I need to query a table with several million rows, and I want to make it the most optimized.
Let's assume that we want to control access to a movie theater with animated screens and save it as follows:
AccessRecord (TicketId, TicketCreationTimestamp, TheaterId, ShowId, MovieId, SeatId, CheckInTimestamp)
To simplify, the "Id" columns of the "bigint" and "Timestamp" data types are "datetime". Tickets are sold at any time, and people get access to the theater at random. And the primary key (also unique) is TicketId.

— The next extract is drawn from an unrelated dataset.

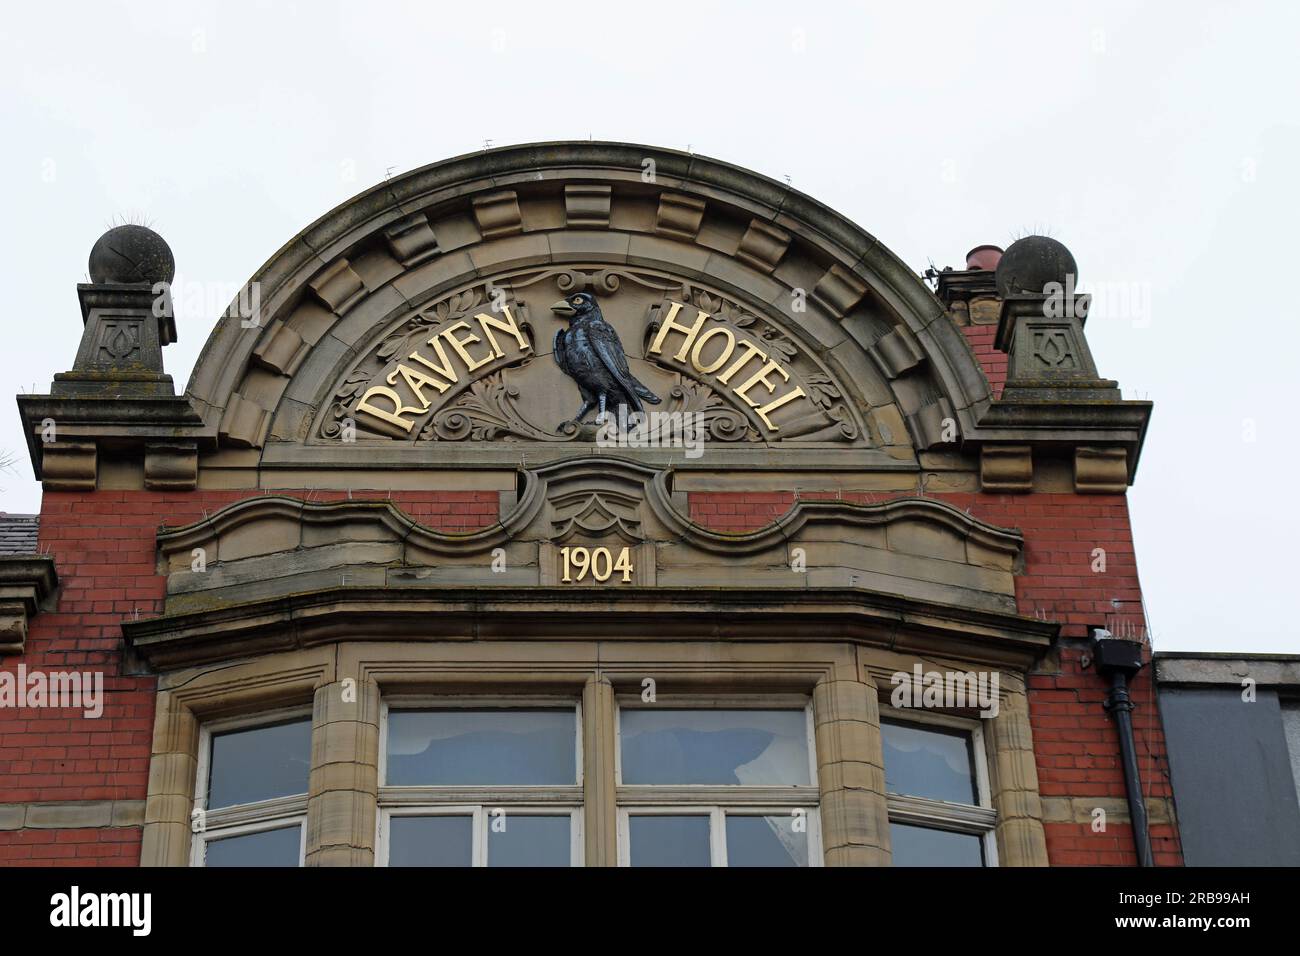 Raven Hotel at Wigan in Greater Manchester Stock Photo

I want to get for each film and theater and show (time) AccessRecord information of the first and last person who turned to the theater to see mov. If two sessions happen simultaneously, I just need 1, either of them.
My solution would be to combine PK and the grouped column in the subquery to get the row:
select AccessRecord.* from AccessRecord inner join( select MAX(CONVERT(nvarchar(25),CheckInTimestamp, 121) + CONVERT(varchar(25), TicketId)) as MaxKey, MIN(CONVERT(nvarchar(25),CheckInTimestamp, 121) + CONVERT(varchar(25), TicketId)) as MinKey from AccessRecord group by MovieId, TheaterId, ShowId ) as MaxAccess on CONVERT(nvarchar(25),CheckInTimestamp, 121) + CONVERT(varchar(25), TicketId) = MaxKey or CONVERT(nvarchar(25),CheckInTimestamp, 121) + CONVERT(varchar(25), TicketId) = MinKey
Transformation 121 refers to the canonical expression resatate data, for example: aaaa-mm-dd hh: mi: ss.mmm (24h), therefore ordered as a string data type, it will give the same result as it is ordered as date and time.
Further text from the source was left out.